World Psychiatry ; 23(1): 26-51, 2024 Feb.
Artículo en Inglés | MEDLINE | ID: mdl-38214624

RESUMEN

Functional neuroimaging emerged with great promise and has provided fundamental insights into the neurobiology of schizophrenia. However, it has faced challenges and criticisms, most notably a lack of clinical translation. This paper provides a comprehensive review and critical summary of the literature on functional neuroimaging, in particular functional magnetic resonance imaging (fMRI), in schizophrenia.
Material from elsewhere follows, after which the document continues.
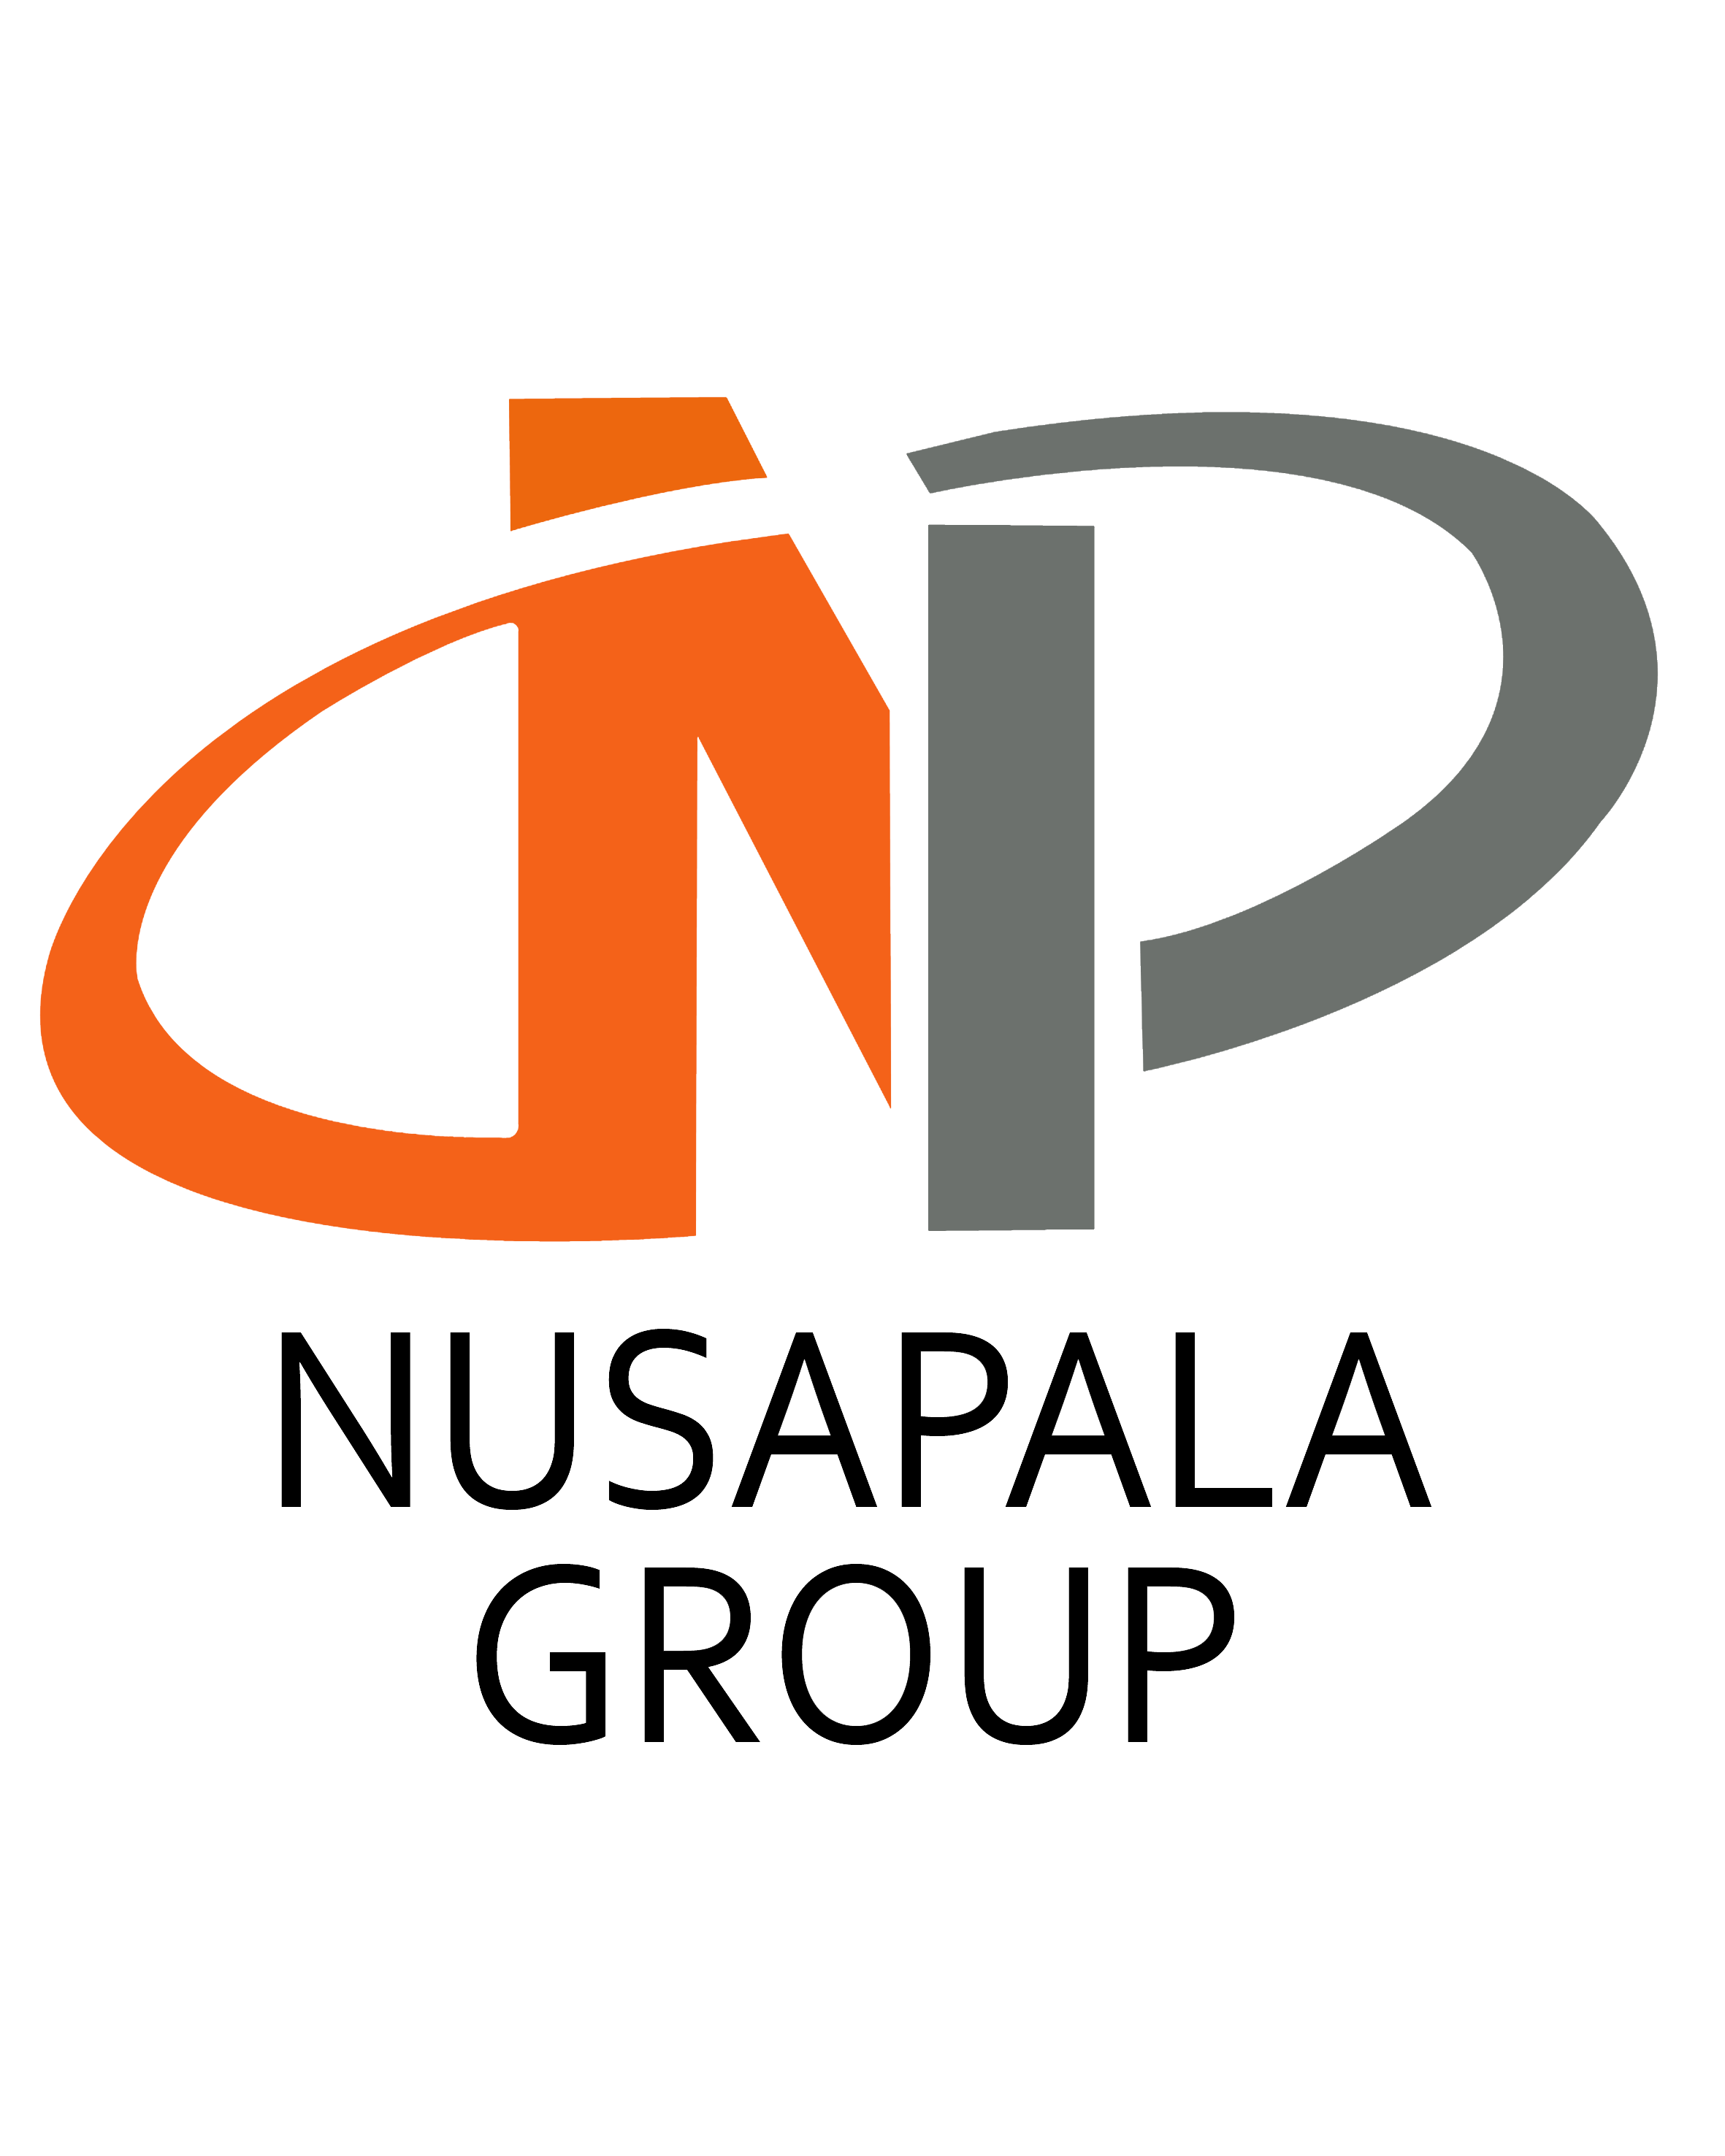 PT. Nusapala Group

We begin by reviewing research on fMRI biomarkers in schizophrenia and the clinical high risk phase through a historical lens, moving from case-control regional brain activation to global connectivity and advanced analytical approaches, and more recent machine learning algorithms to identify predictive neuroimaging features. Findings from fMRI studies of negative symptoms as well as of neurocognitive and social cognitive deficits are then reviewed. Functional neural markers of these symptoms and deficits may represent promising treatment targets in schizophrenia. Next, we summarize fMRI research related to antipsychotic medication, psychotherapy and psychosocial interventions, and neurostimulation, including treatment response and resistance, therapeutic mechanisms, and treatment targeting. We also review the utility of fMRI and data-driven approaches to dissect the heterogeneity of schizophrenia, moving beyond case-control comparisons, as well as methodological considerations and advances, including consortia and precision fMRI. Lastly, limitations and future directions of research in the field are discussed. Our comprehensive review suggests that, in order for fMRI to be clinically useful in the care of patients with schizophrenia, research should address potentially actionable clinical decisions that are routine in schizophrenia treatment, such as which antipsychotic should be prescribed or whether a given patient is likely to have persistent functional impairment. The potential clinical utility of fMRI is influenced by and must be weighed against cost and accessibility factors. Future evaluations of the utility of fMRI in prognostic and treatment response studies may consider including a health economics analysis.